### Supplied information:

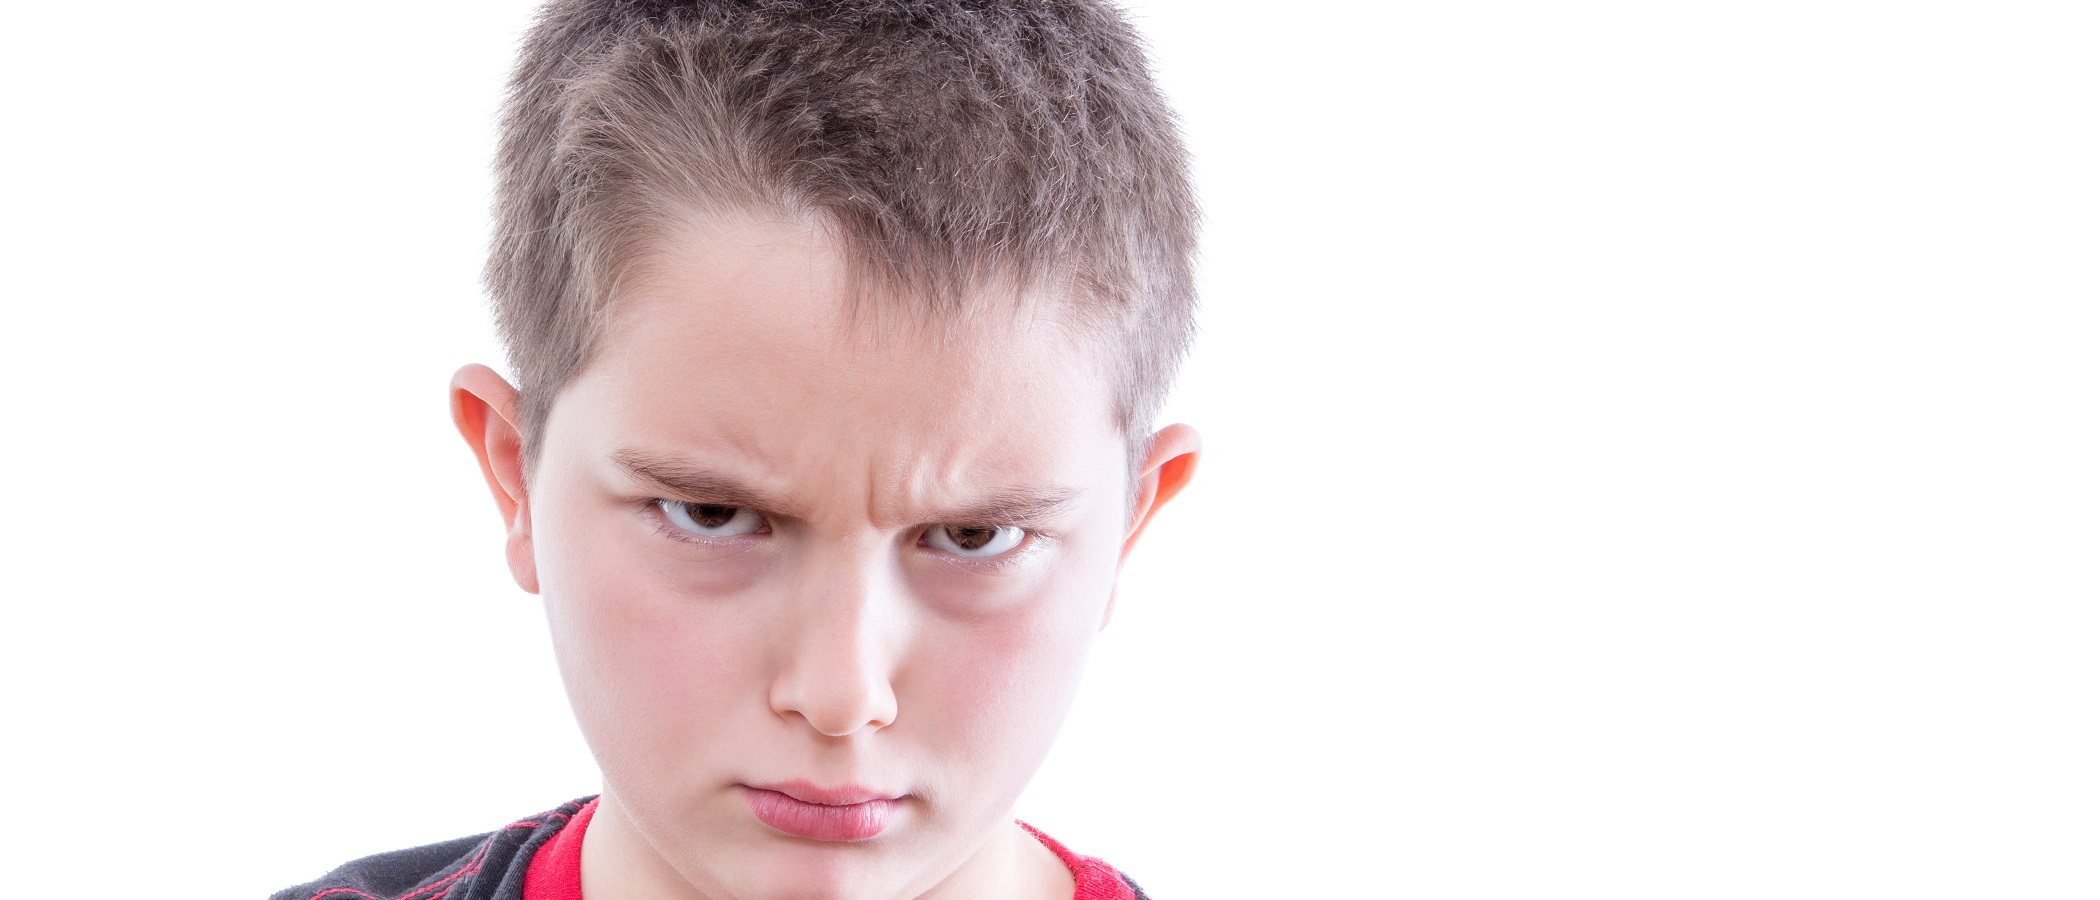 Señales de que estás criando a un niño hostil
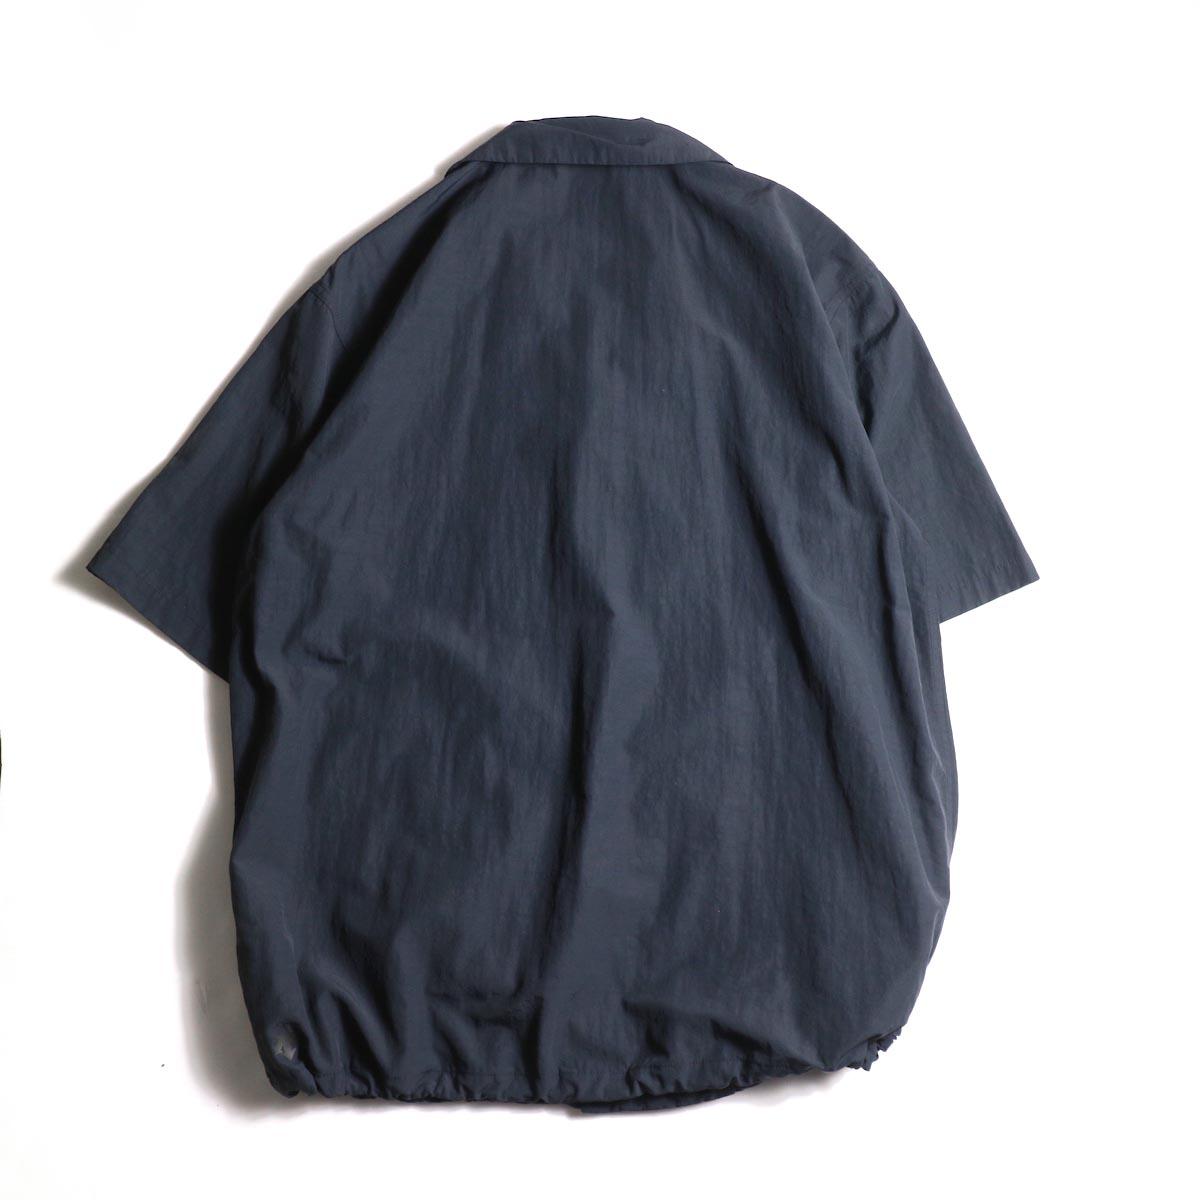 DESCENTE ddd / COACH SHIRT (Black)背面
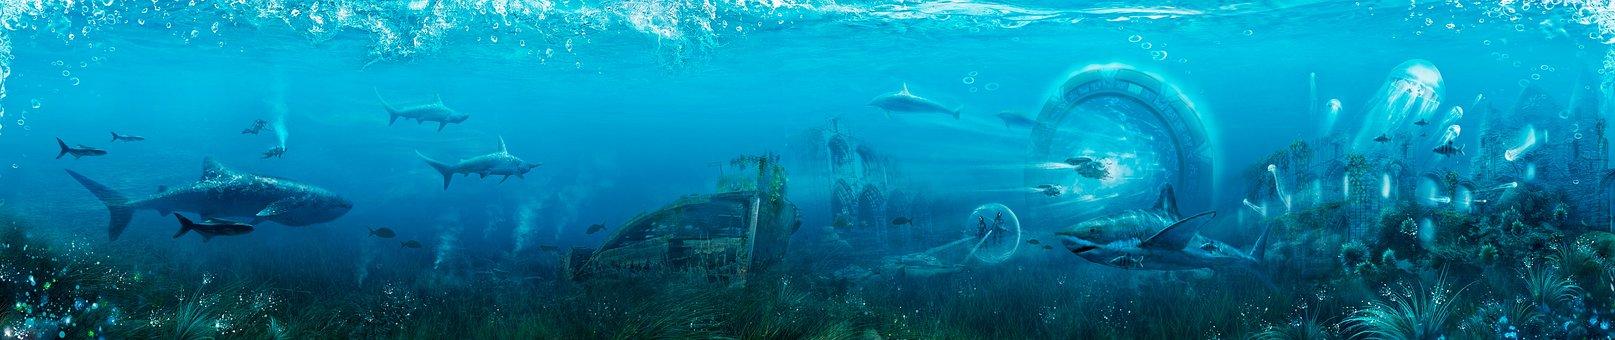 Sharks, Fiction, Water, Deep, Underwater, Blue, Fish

### Work item:
Return the data above unchanged. Pictures are not part of the copy.

### Task response:
 Señales de que estás criando a un niño hostil
 DESCENTE ddd / COACH SHIRT (Black)背面
 Sharks, Fiction, Water, Deep, Underwater, Blue, Fish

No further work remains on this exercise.